Cerpen, "Trauma" Oleh Refniyati
"Trauma"
Oleh Refniyati
"Polisi." Ucap Partas ketika ditanya ibunya siapa yang datang, sontak Bujang
yang tengah berbaring di balai tempat tidur terperanjat melihat orang.
berseragam, tinggi, gagah, dengan pistol di pinggangnya, hendak melangkah kan
kaki masuk ke rumah. Bujang bangkit lalu tergopoh-gopoh bergegas lewat pintu
belakang, ia melarikan diri. Dengan sarung dililitkan di pinggang bergegas
menuju kaki bukit dan masuk lebih kedalamnya lagi.

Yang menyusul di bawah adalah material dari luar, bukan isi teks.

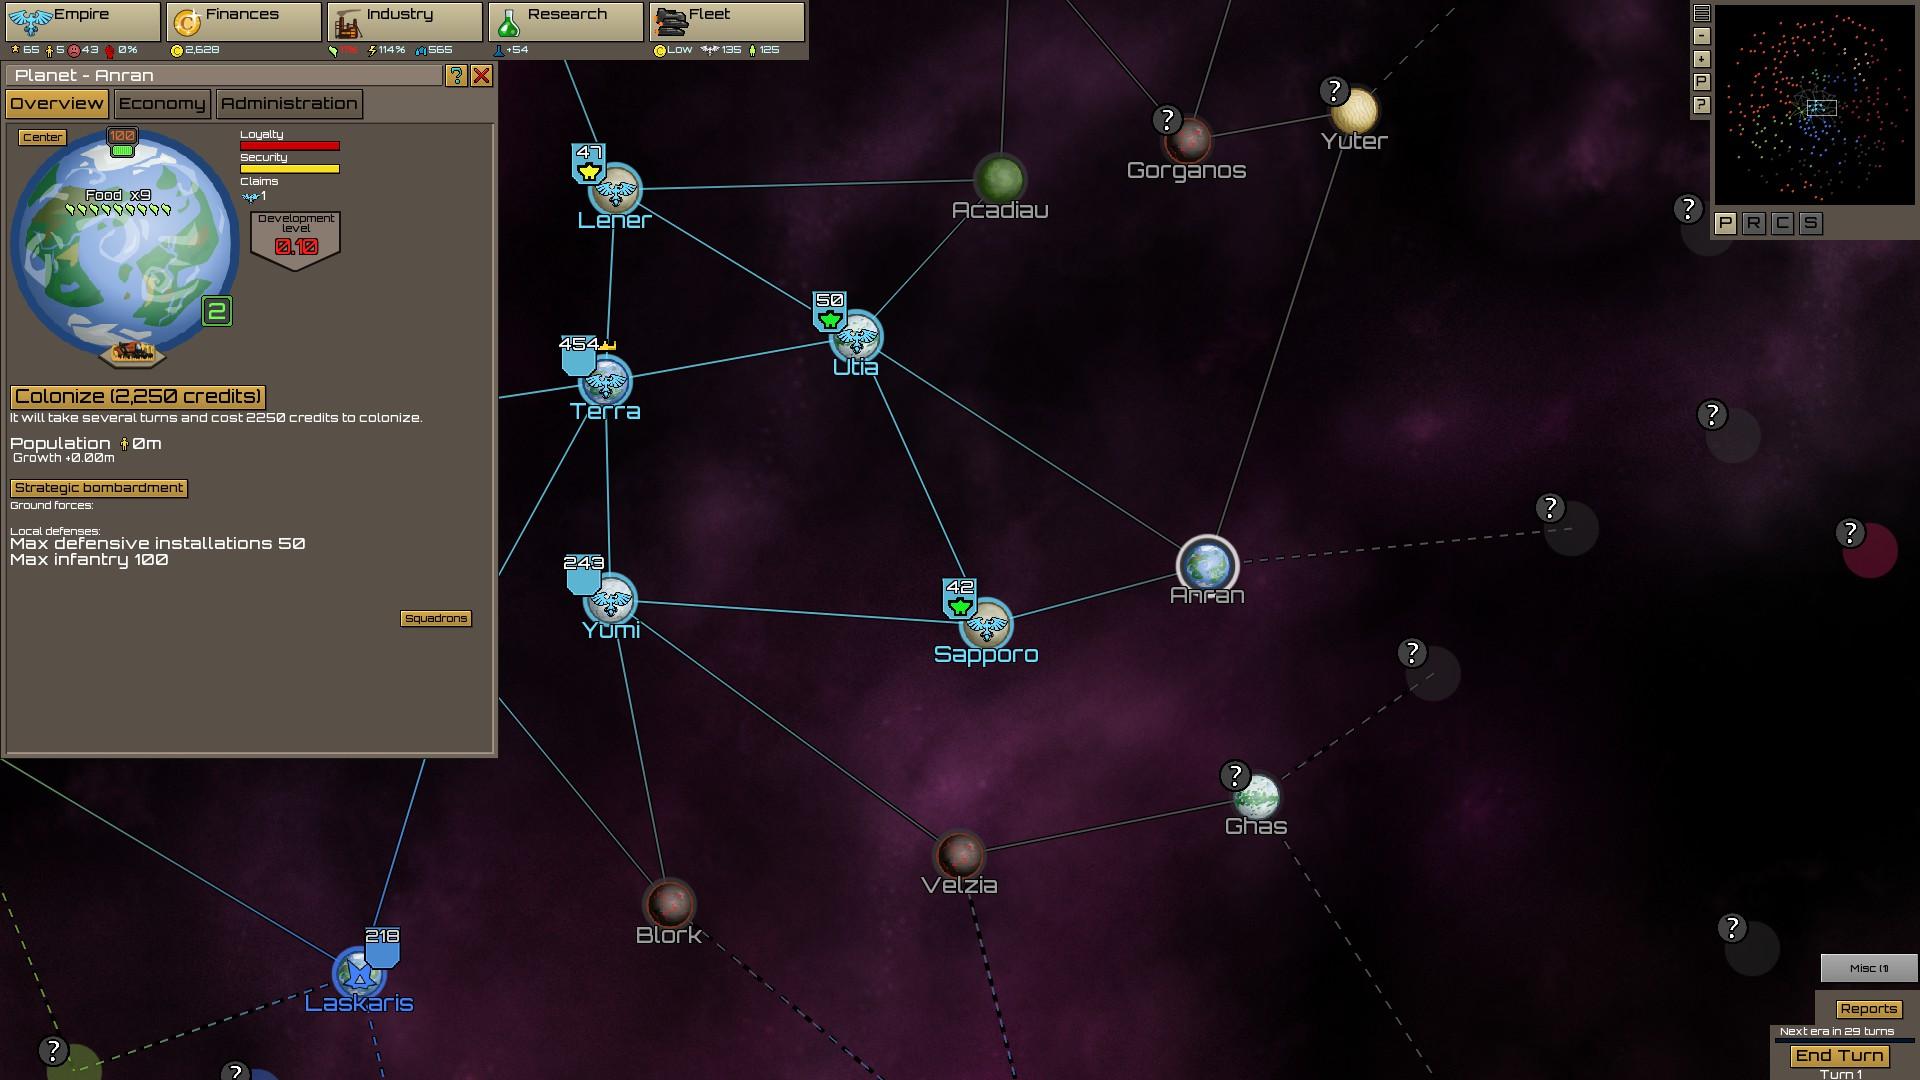 惑星がワープ航路でつながるオーソドックスなマップ。入植したい惑星で入植ボタンを押せば、数ターン後に完了する。艦隊を自動設定すれば国境惑星に駐在してくれるので、防衛し忘れることはない。

Langit petang yang merah,
perlahan abu-abu lalu memekat kelam tertutup hutan yang lebat.
Hawa dingin
menusuk, Bujang memacu langkahnya. Sosok berseragam seolah-olah mengejar dan
memanggil dirinya. Sesekali ia menoleh ke belakang. Pergelangan kakinya yang
memerah akibat terkunci kayu selama bertahun-tahun itu sebenarnya masih terasa
ngilu ketika ia berjalan. Sesekali tergelincir di jalan yang licin. lalu
terperosok ke semak-semak di kiri kanannya. Mulutnya komat-kamit merapal doa dan
minta ampun. "Ampuni kami, ampun," ucapnya lirih. Berkali-kali kalimat itu ia
lontarkan meski tiada yang mendengar dan melihatnya. Malam gulita, deru angin
bersahutan seolah-olah tengah mengamuk. Rentetan di langit bak mesiu yang lepas
dari pengempunya, riuh. Seketika sang kawanan rimba membisu, entah itu tertidur
atau barangkali ketakutan melihat langit. Tak terkecuali burung hantu yang
sepertinya tidak menjalankan aksinya malam itu. Selang beberapa saat, berderai
hujan turun tanpa ampun di sekujur tubuh bukit. Kekayuan berderak, helaian daun
kering melayang entah kemana, jatuh membumi atau barangkali terbang ke dimensi
yang berbeda, yang jelas telah gugur dari tampuknya. Pucat pasi wajah Bujang,
sehabis diterjang cuaca.
Deru napasnya memperlihatkan seolah-olah ia tertimpa
reruntuhan bukit batu yang ditaklukkan di malam itu. Ketakutan membawa
langkahnya berpacu, sehingga ia tak peduli lagi akan yang akan terjadi nanti.
Menaiki bukit batu, bukit tertinggi di kampungnya yang terletak di bagian hulu.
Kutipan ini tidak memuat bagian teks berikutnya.